Gastos públicos superam receitas no Ceará: assunto desgastante para candidatos, mas fundamental para eleitores

Por Wanfil em Política

03 de julho de 2017

A realidade do corte de gastos não combina com a ficção das promessas eleitorais

Fazer promessas e atiçar expectativas estimula a disposição de quem ouve o canto da sereia. Verificar se existem condições materiais para tantas aspirações costuma ser o inverso emocional dessa condição: desestimula o interlocutor. E se o assunto é eleição, dizer não pode ser fatal.

Pois bem.
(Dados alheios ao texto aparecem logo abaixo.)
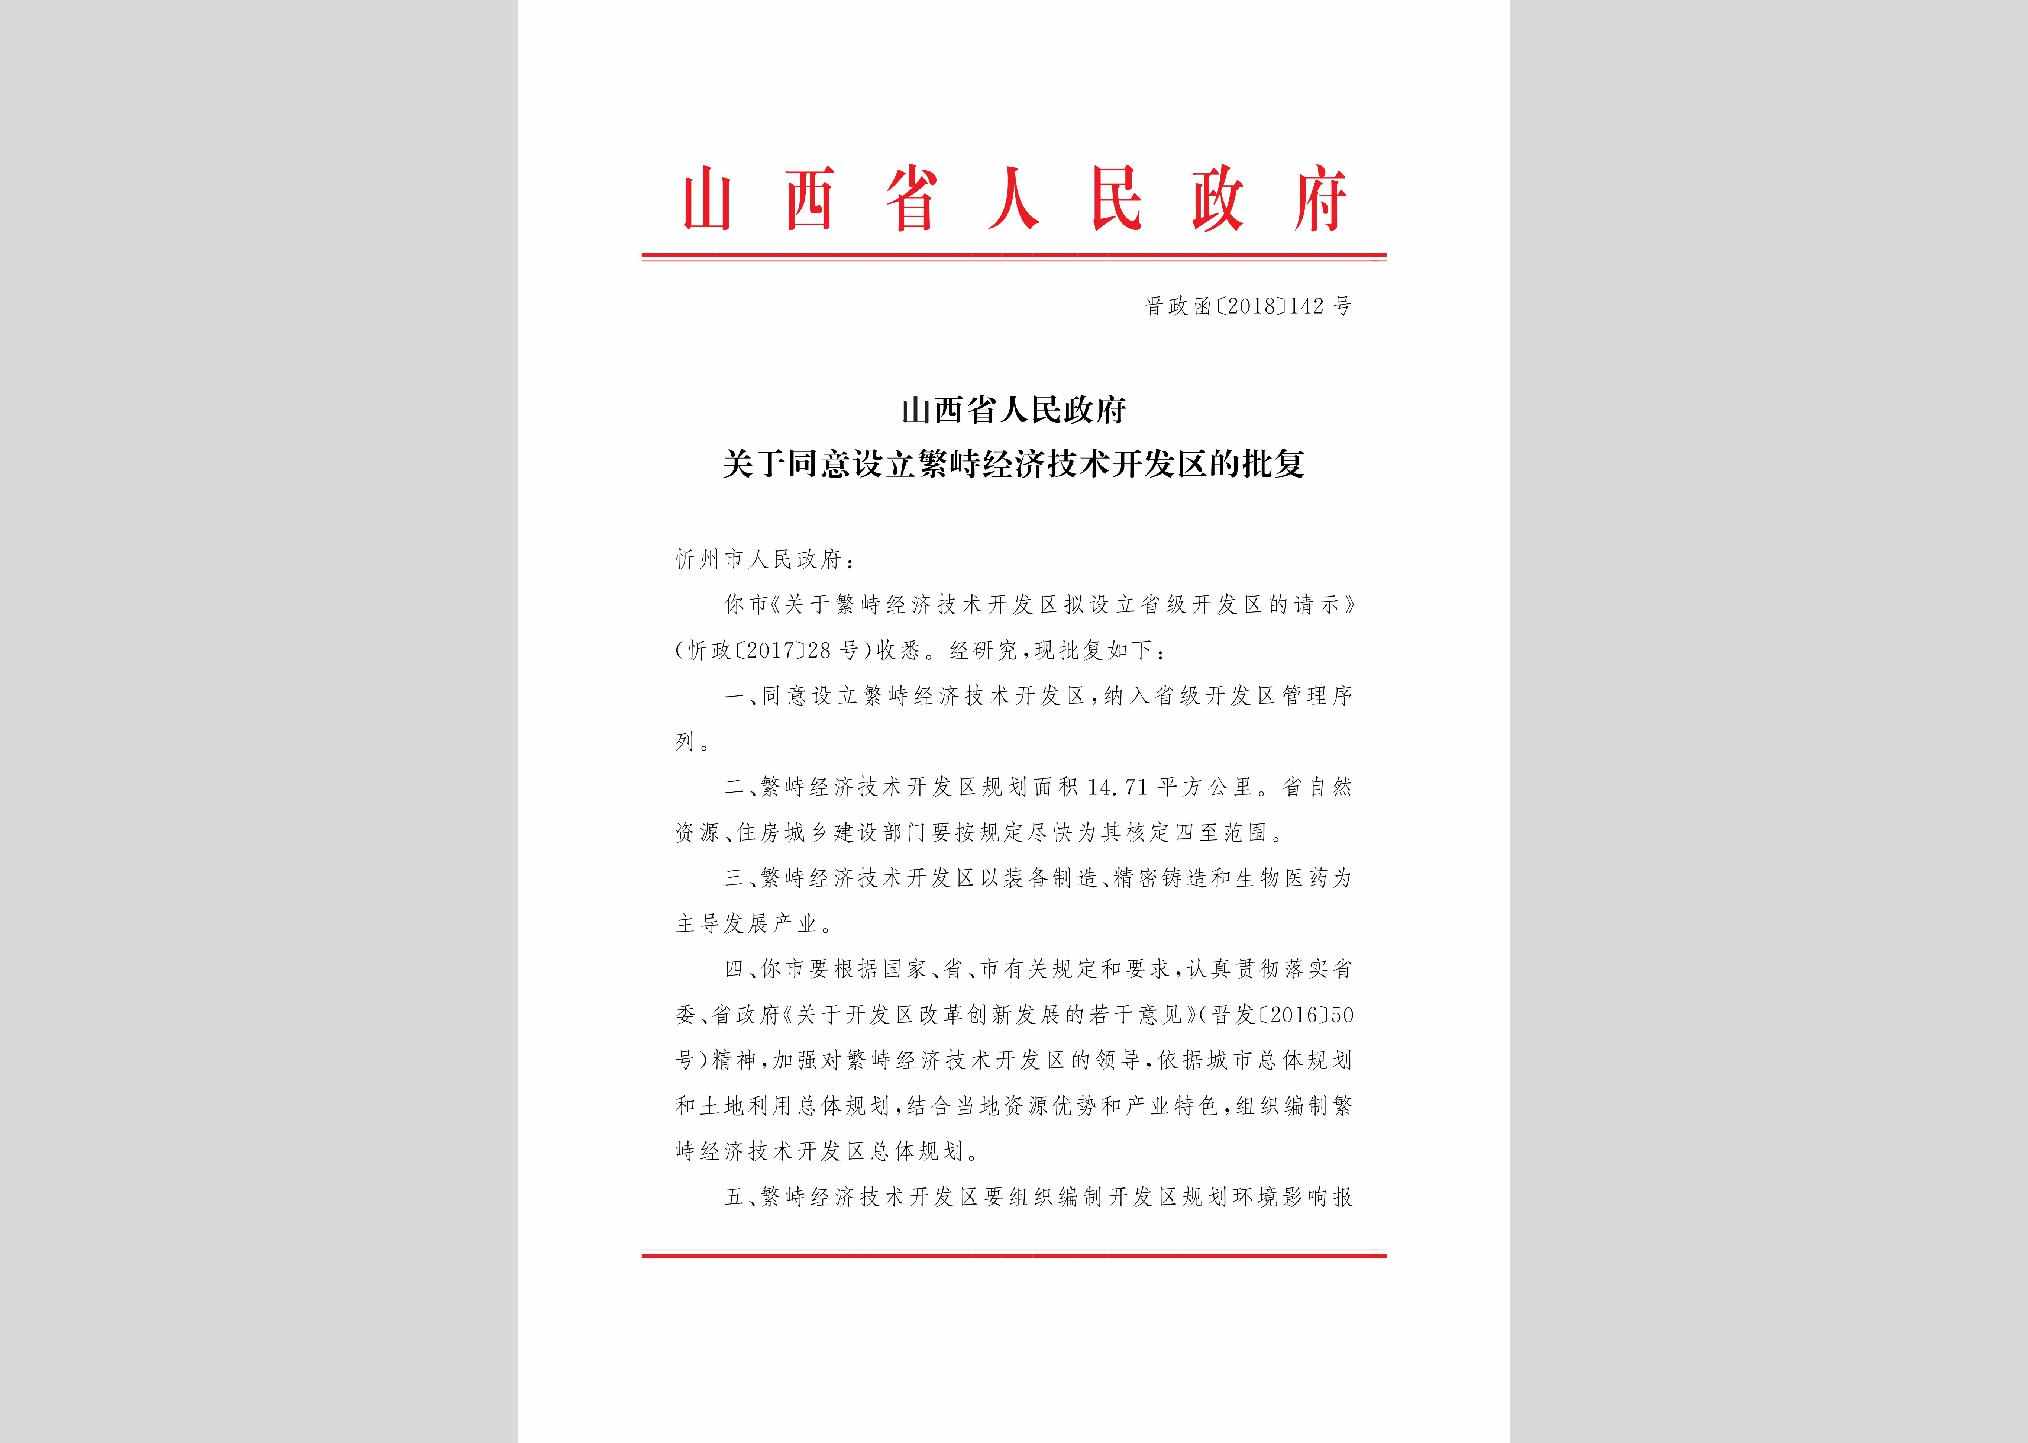 晋政函[2018]142号：山西省人民政府关于同意设立繁峙经济技术开发区的批复

O Boletim de Conjuntura divulgado na semana passada pelo Instituto de Pesquisa e Estratégia Econômica do Ceará (IPECE), mostra que as despesas do governo do Estado cresceram 1,3% no primeiro trimestre de 2017, enquanto as receitas caíram 4,2%. Ou seja, as contas públicas estaduais, em que pese a boa e justa reputação de equilíbrio, ensejam cuidados pois estão no limite nesse momento de crise.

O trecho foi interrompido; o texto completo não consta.